------ RECORDED DATA

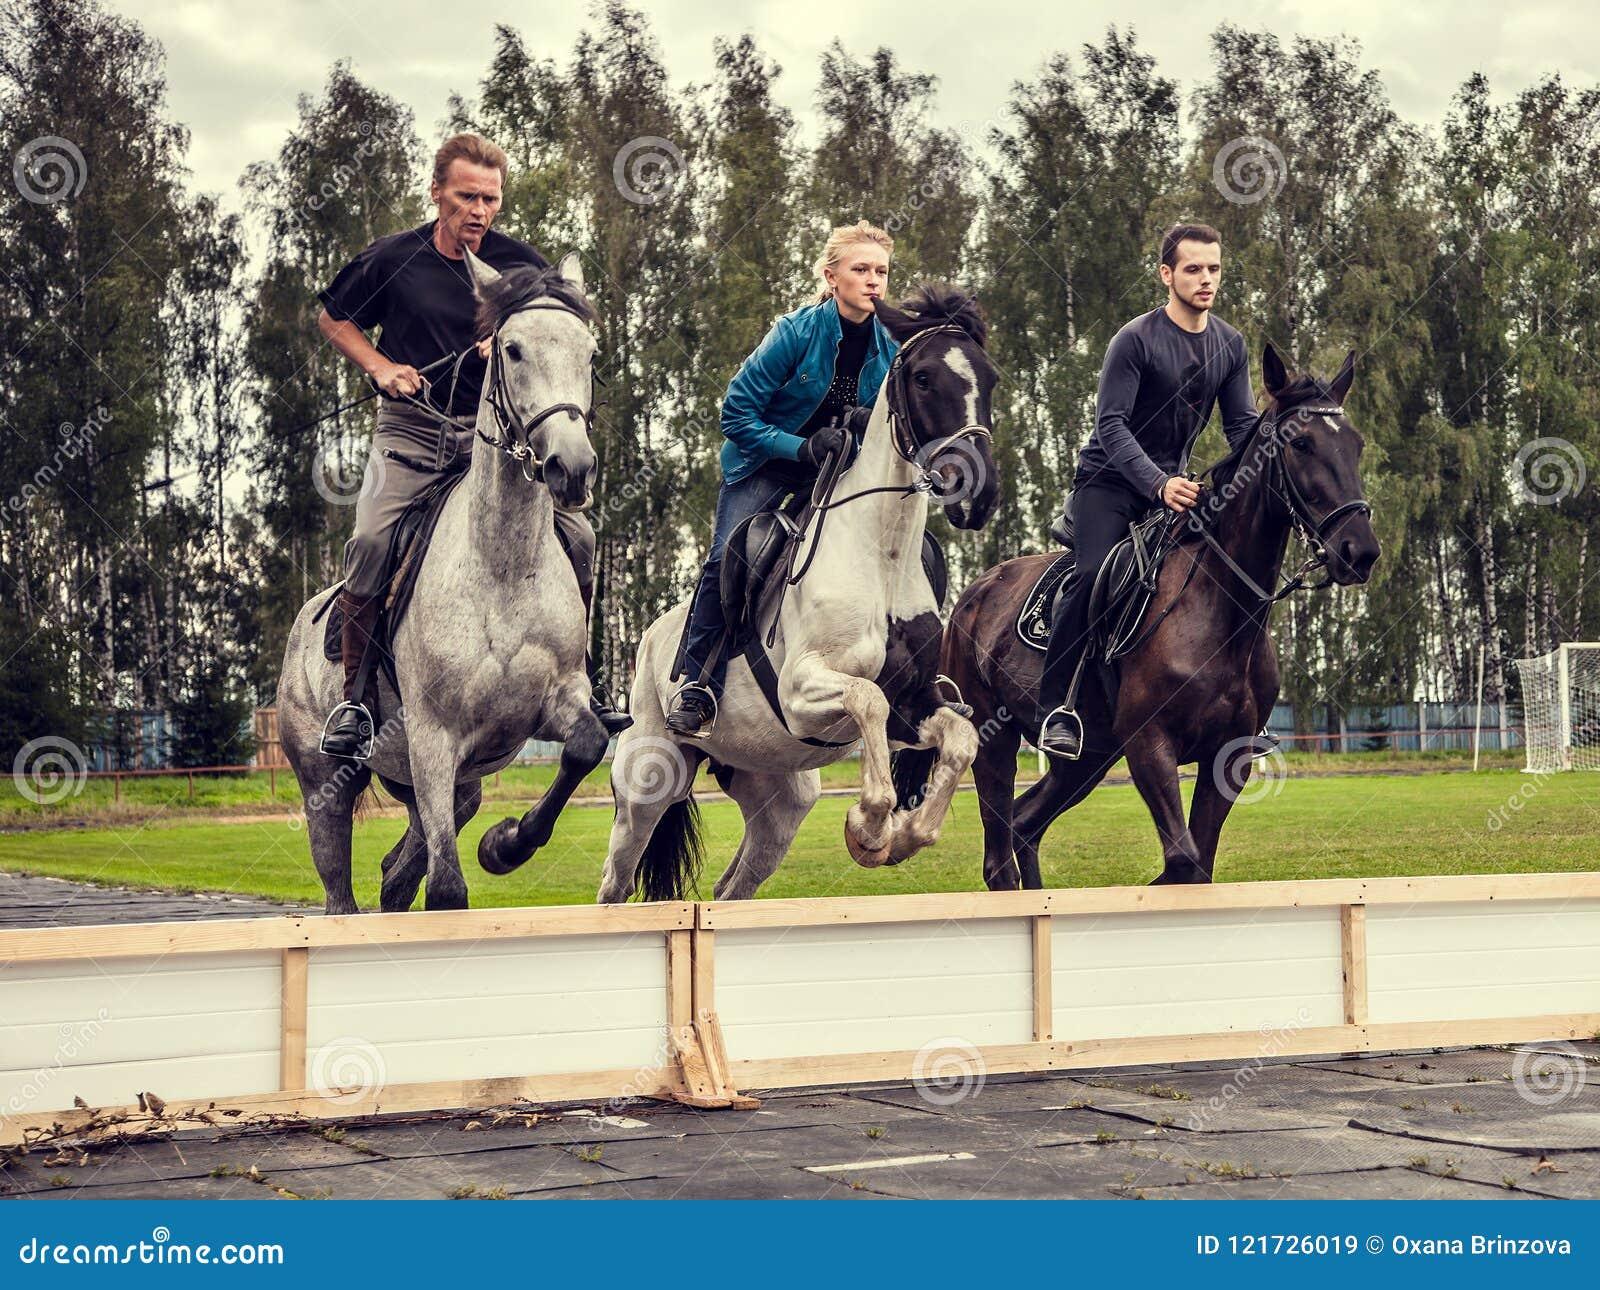 23 08 Banhoppning 2017 för Smolensk regionshow på festivalen Tre ryttare som synkront hoppar på hästrygg över ett hinder
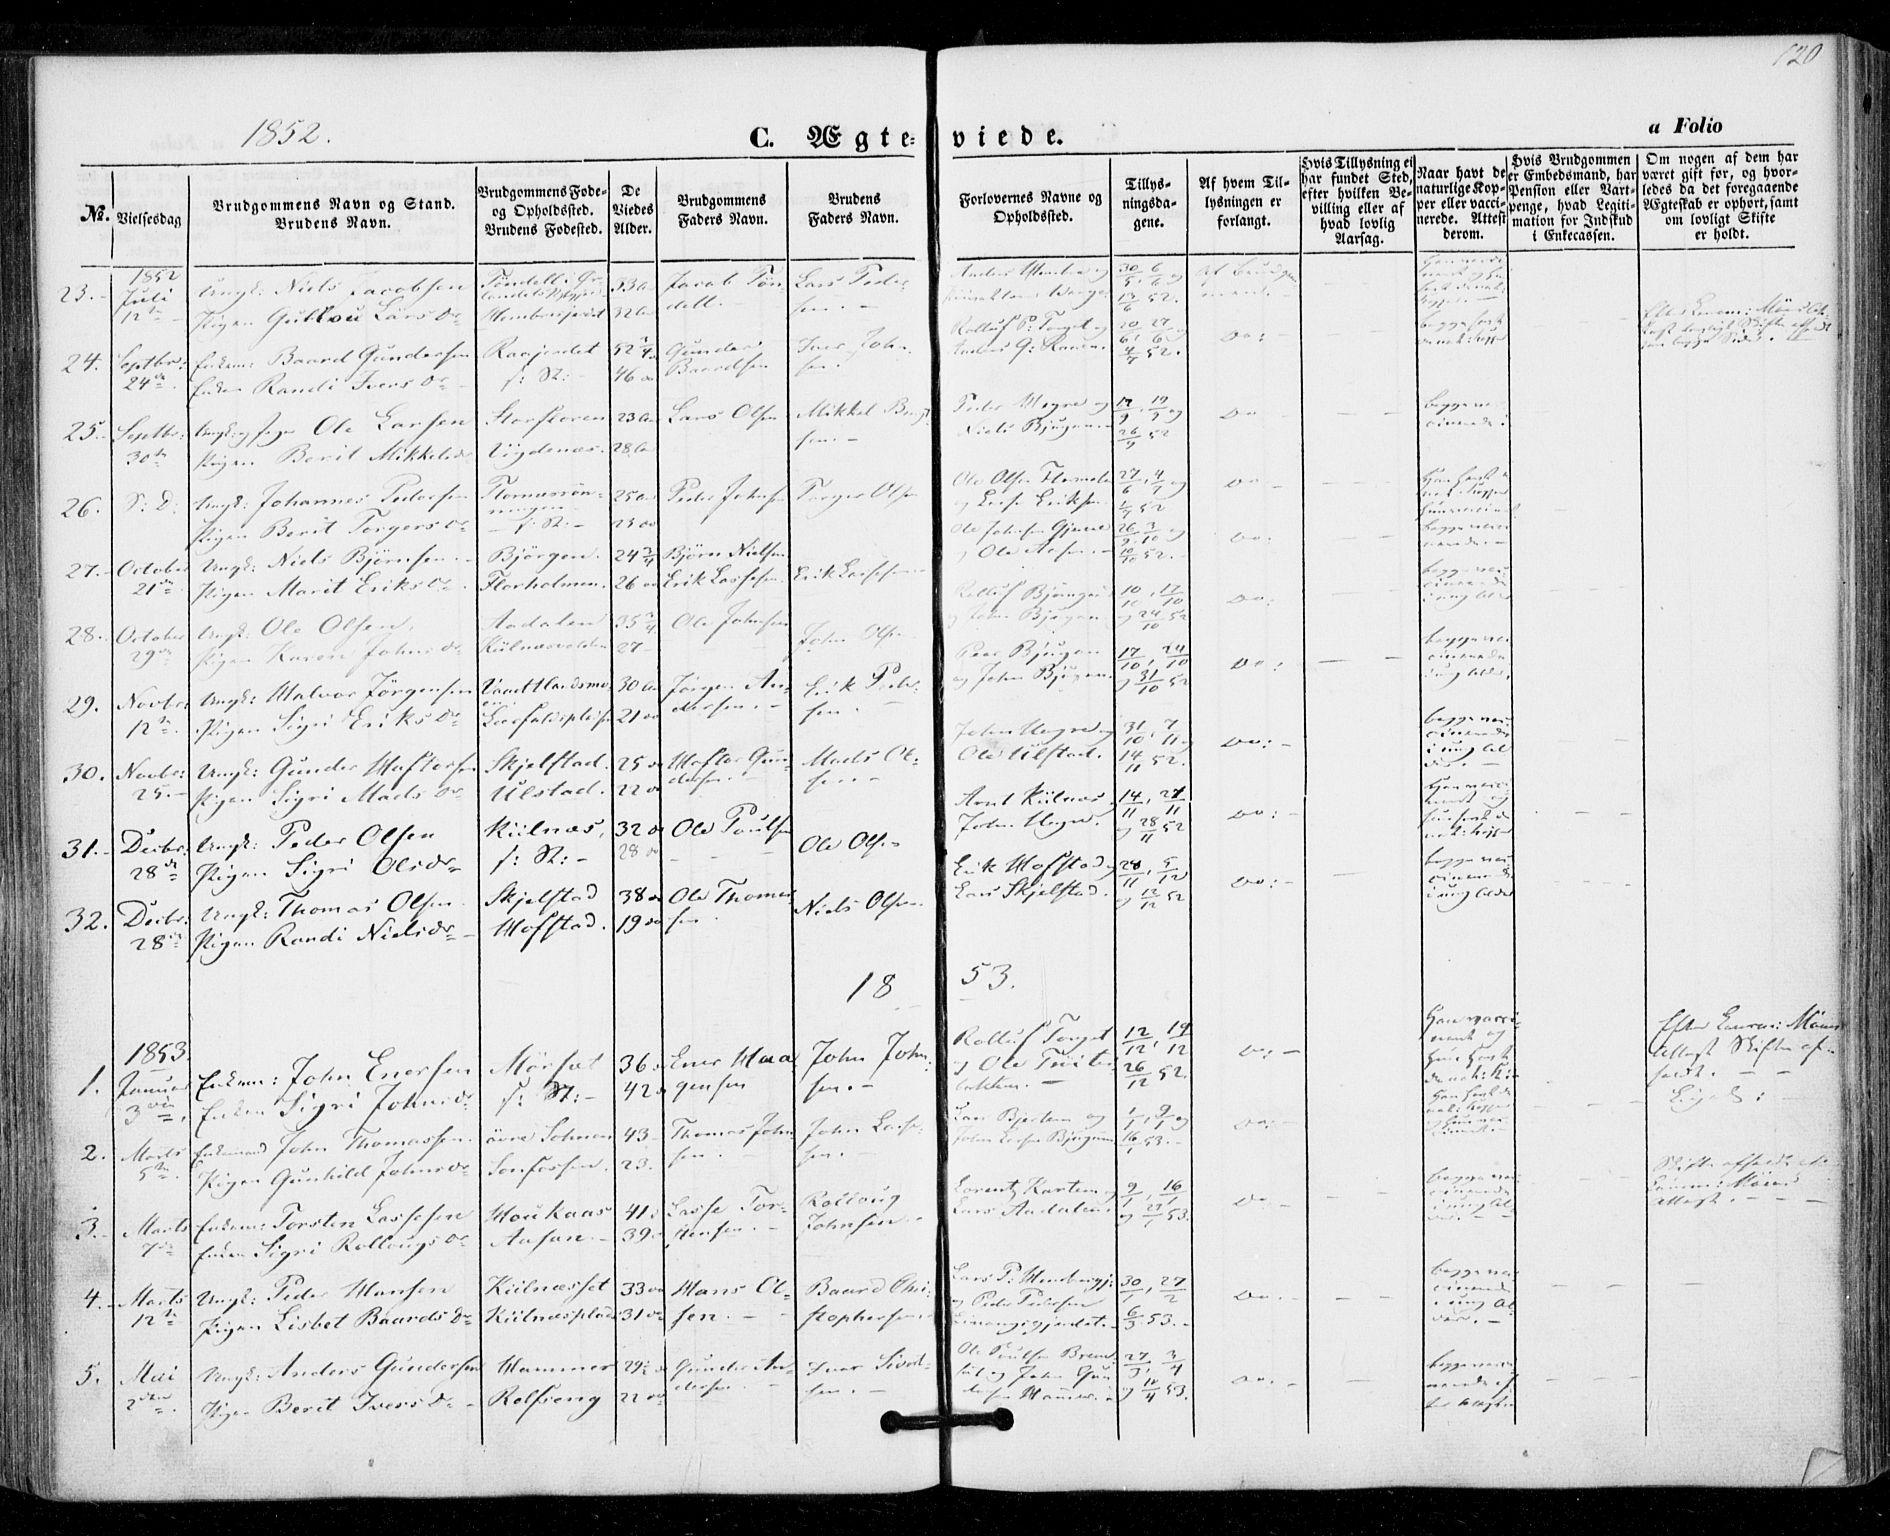 SAT, Ministerialprotokoller, klokkerbøker og fødselsregistre - Nord-Trøndelag, 703/L0028: Ministerialbok nr. 703A01, 1850-1862, s. 120
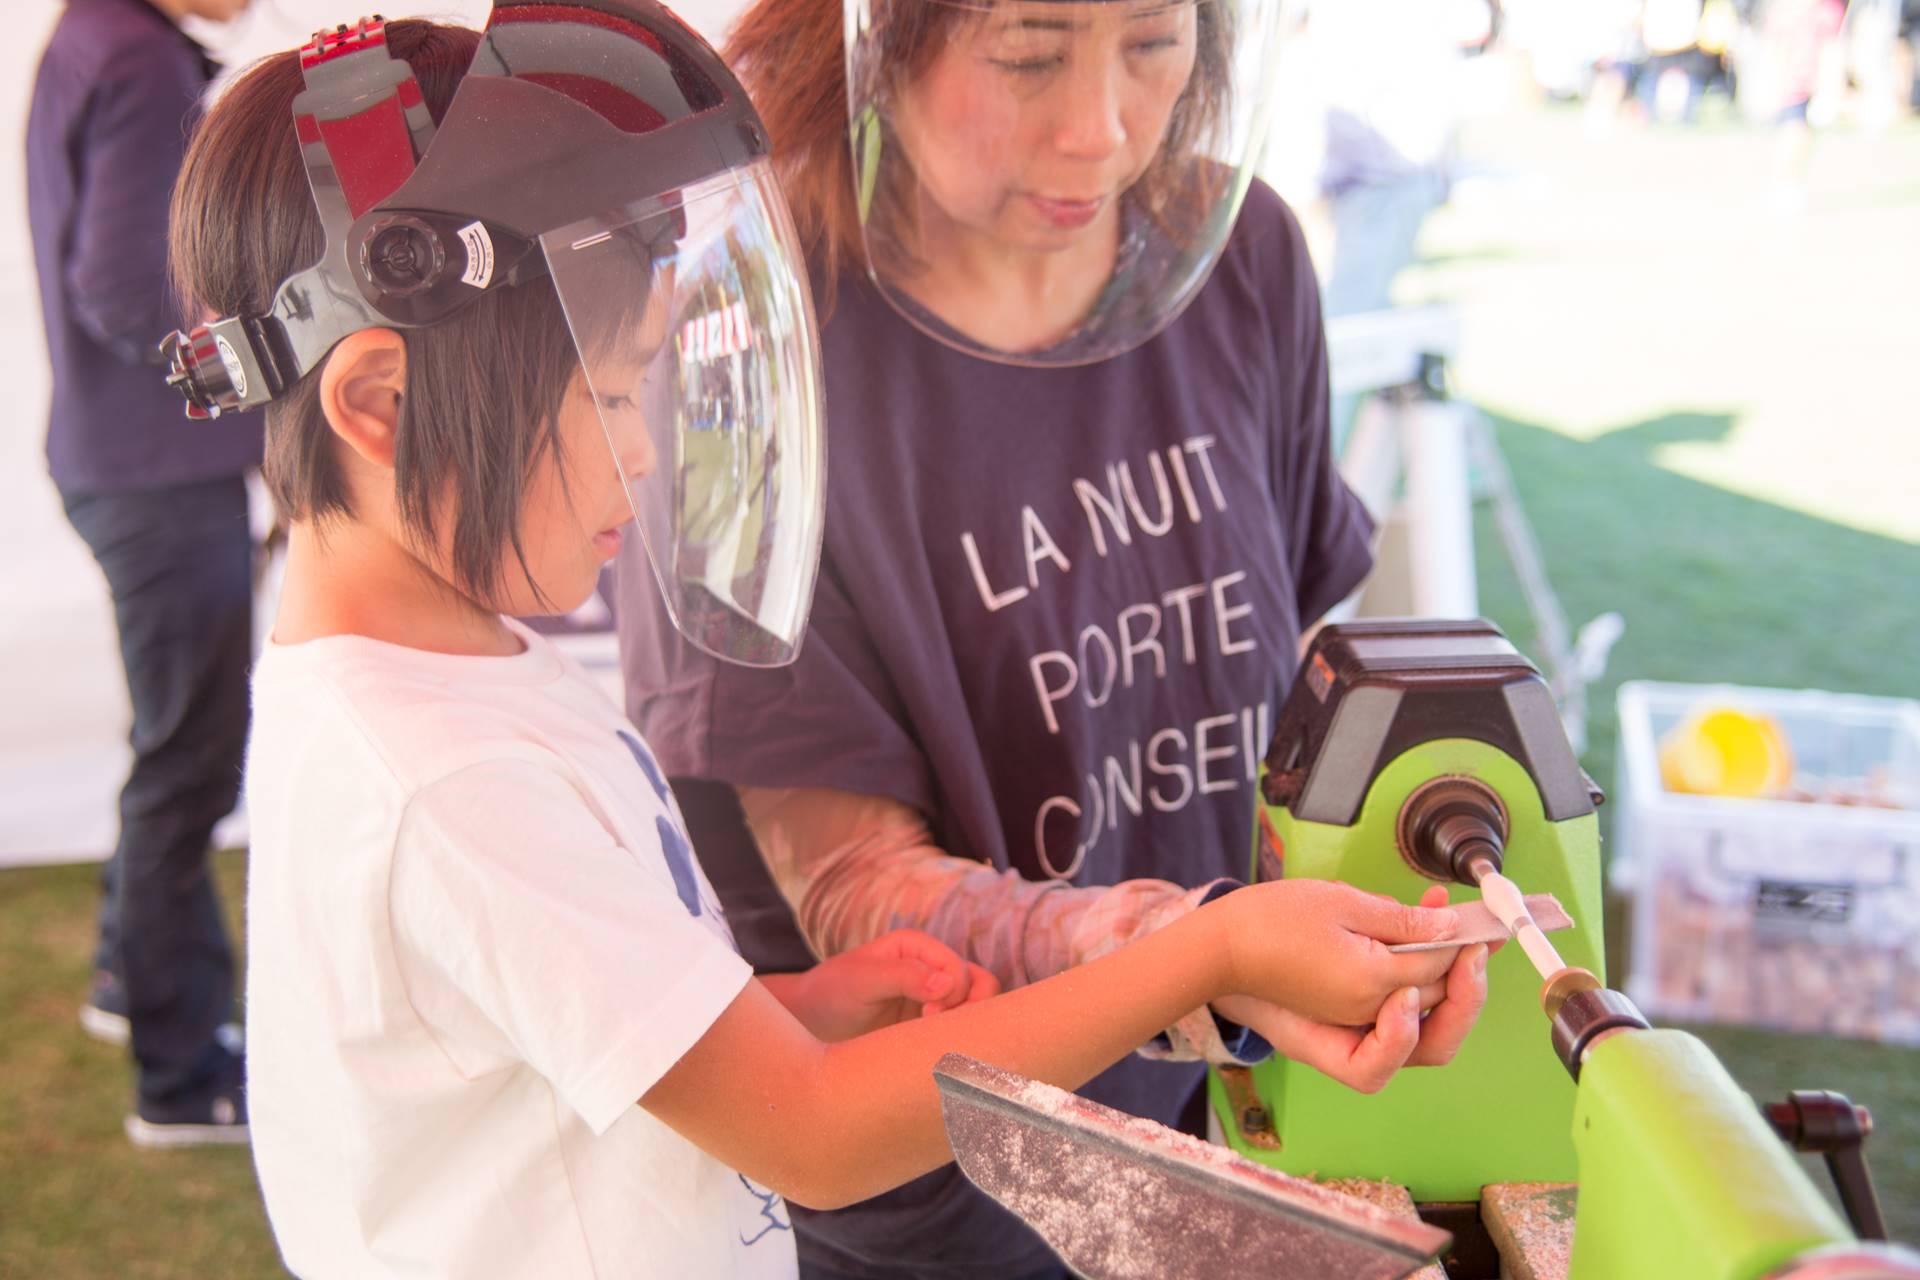 ぎふの木フェスタ 2017 岐阜メモリアルセンター
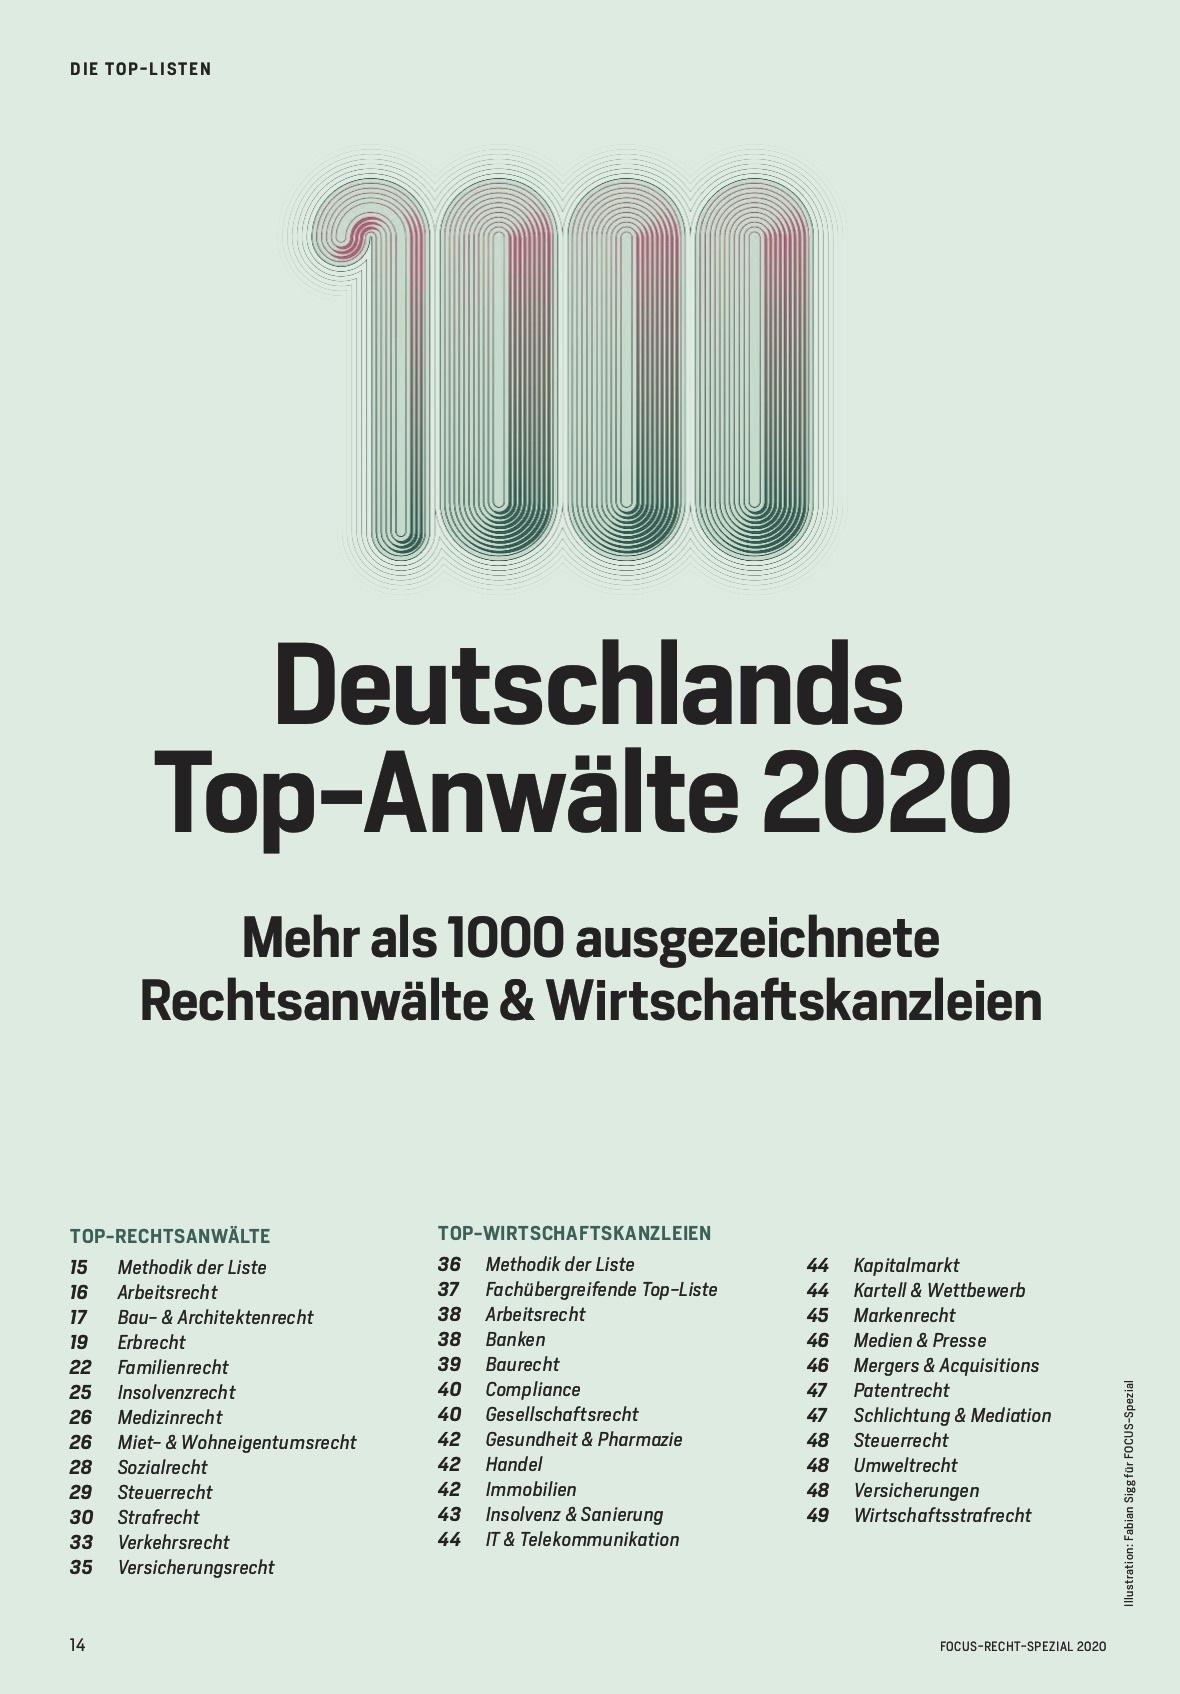 FOCUS SPEZIAL FOCUS Recht-Spezial 2020

------------

— DIRECTIONS —
Where pictures occur in the material above, omit them and return everything else exactly.

— TASK ANSWER —
 23 08 Banhoppning 2017 för Smolensk regionshow på festivalen Tre ryttare som synkront hoppar på hästrygg över ett hinder
 SAT, Ministerialprotokoller, klokkerbøker og fødselsregistre - Nord-Trøndelag, 703/L0028: Ministerialbok nr. 703A01, 1850-1862, s. 120
 ぎふの木フェスタ 2017 岐阜メモリアルセンター
 FOCUS SPEZIAL FOCUS Recht-Spezial 2020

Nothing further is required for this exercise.